Create an intermediate table


In [28]:
total_users = df['customer_id'].nunique()

#Grouping by customer id
pf = df.groupby('customer_id').agg({
        'revenue' : 'sum',
        'n_of_purchases' : 'sum'
    }).reset_index()

#Selection of data to create 'No. of Purchases', 'No. of UAUs'and 'Total Revenue'columns 
x = pf.groupby('n_of_purchases').agg({
    'customer_id': 'size',
    'revenue' : 'sum',
})

x = x.reset_index()

#Renaming columns
x.rename(columns = {'customer_id': 'n_of_users'}, inplace=True)

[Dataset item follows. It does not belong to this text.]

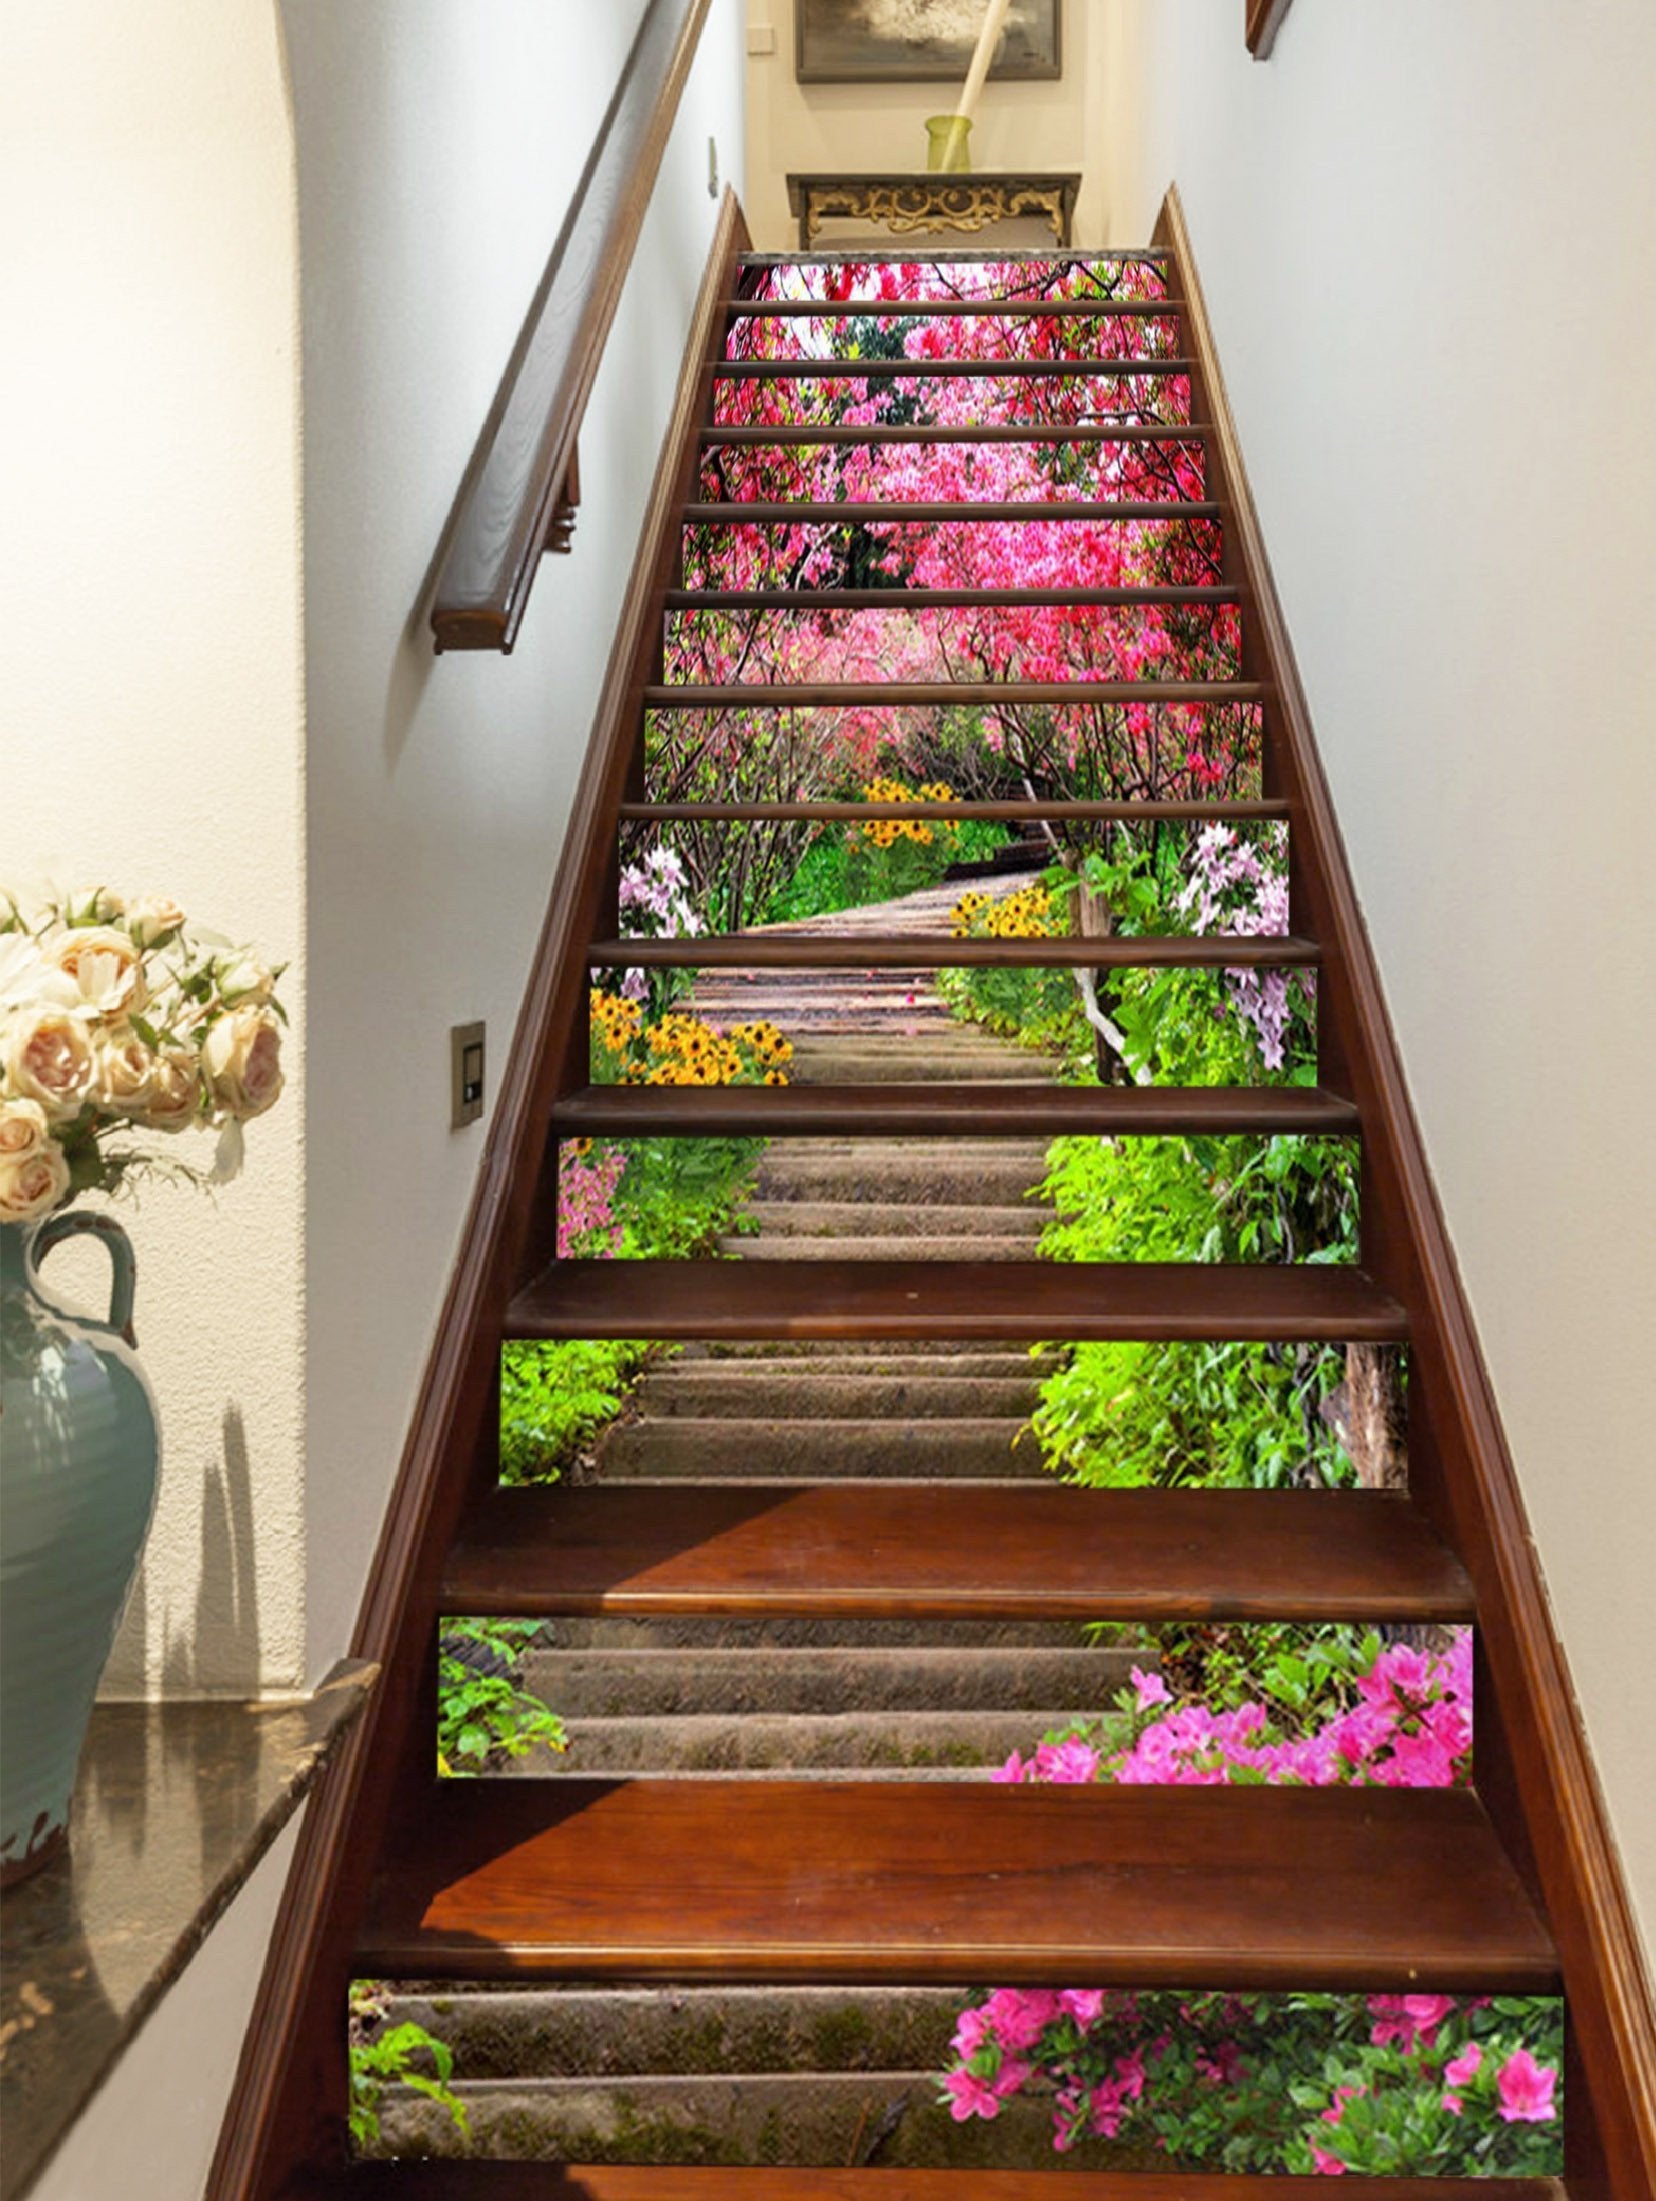 3D Stairway Flowers 1510 Stair Risers Wallpaper AJ Wallpaper 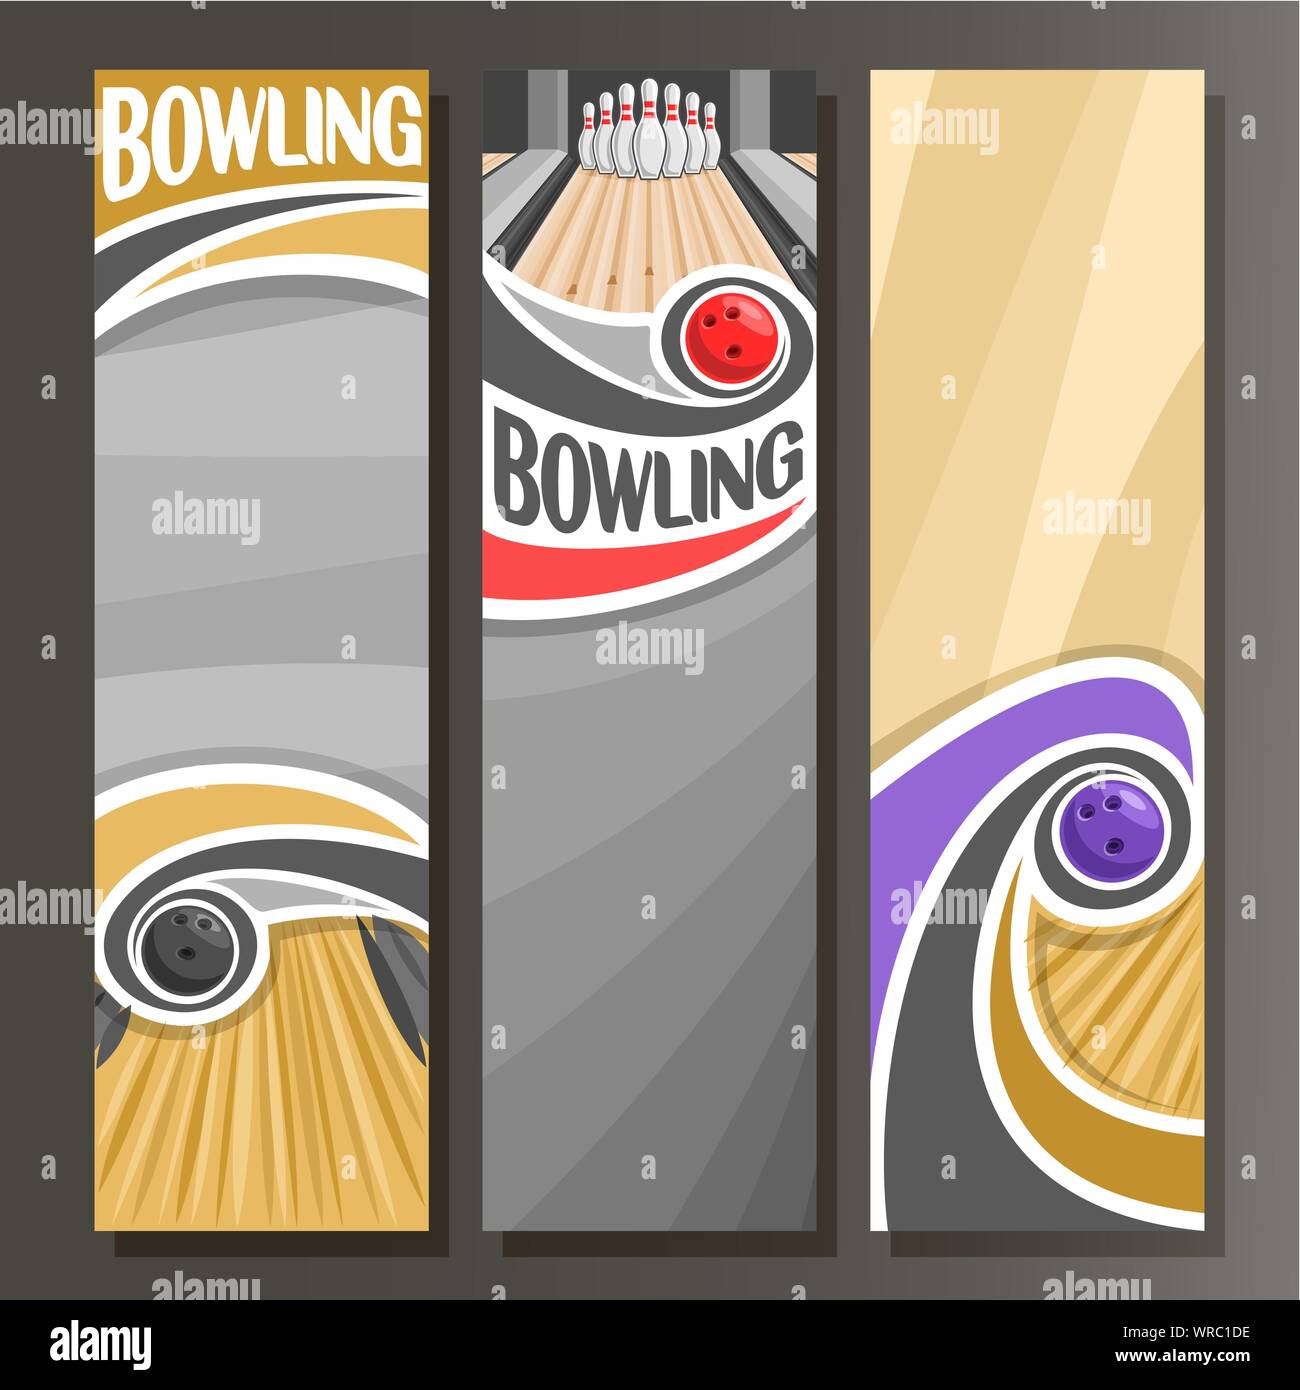 Vektor vertikale Banner für Bowling: 3 cartoon Vorlagen für Text auf Bowling Thema, Ball werfen in zehn Pins auf der Gasse auf grauen Hintergrund. Stock Vektor

#Creation of '% of Total UAUs' and 'Total transations'columns
x['percentage_of_users'] = 100 * x['n_of_users'] / total_users

x['total_transactions'] = x['n_of_purchases'] * x['n_of_users']

#Creation of 'No. of Purchases' buckets 
x['n_of_purchases'] = pd.cut(x['n_of_purchases'], bins=[0,1,2,3,5,8,13,21,34,55,float('inf')]) 


x.head()


Out[28]:
n_of_purchases n_of_users revenue percentage_of_users total_transactions
0 (0, 1] 13656 108827.53 45.504832 13656
1 (1, 2] 4848 67683.44 16.154615 9696
2 (2, 3] 2697 60800.95 8.987004 8091
3 (3, 5] 1734 40058.73 5.778074 6936
4 (3, 5] 1621 47674.62 5.401533 8105

Create final table


In [29]:
#Grouping data by 'No. of Purchases' buckets
y = x.groupby('n_of_purchases').agg({
    'revenue': 'sum',
    'n_of_users': 'sum',
    'percentage_of_users' : 'sum',
    'total_transactions': 'sum',
})

y = y.reset_index()


#Creation of 'Average revenue per user' and 'Average transaction price' colums
y['average_revenue_per_user'] = y['revenue'] / y['n_of_users']
y['average_transaction_price'] = y['revenue'] / y['total_transactions']


#Putting the colums in the right order
cols = ['n_of_purchases','n_of_users', 'percentage_of_users', 'revenue', 'average_revenue_per_user', 'total_transactions', 'average_transaction_price']
y = y[cols]

#Renaming the 'No. of Purchases' buckets
y['n_of_purchases']=y['n_of_purchases'].astype(str)
y = y.replace({'n_of_purchases': {
            '(0, 1]': '1',
            '(1, 2]' : '2',
            '(2, 3]' : '3', 
            '(3, 5]' : '4-5',
            '(5, 8]' : '6-8',
            '(8, 13]' : '9-13',
            '(13, 21]' : '14-21',
            '(21, 34]' : '22-34',
            '(34, 55]' : '35-55',
            '(55, inf]' : 'Above 55',
        }})

y


Out[29]:
n_of_purchases n_of_users percentage_of_users revenue average_revenue_per_user total_transactions average_transaction_price
0 1 13656 45.504832 108827.53 7.969210 13656 7.969210
1 2 4848 16.154615 67683.44 13.961106 9696 6.980553
2 3 2697 8.987004 60800.95 22.543919 8091 7.514640
3 4-5 3355 11.179607 87733.35 26.150030 15041 5.832947
4 6-8 2160 7.197601 67805.61 31.391486 15094 4.492223
5 9-13 1501 5.001666 52535.05 35.000033 16605 3.163809
6 14-21 927 3.088970 43901.67 47.358867 16169 2.715175
7 22-34 575 1.916028 41079.43 71.442487 15946 2.576159
8 35-55 200 0.666445 23325.54 116.627700 9070 2.571724
9 Above 55 91 0.303232 43065.94 473.252088 20571 2.093527

Interpretation: The maximum revenue is generated by people buying apps only once a month (low frequency buyers). We can now identify buying behaviours according to purchase frequency.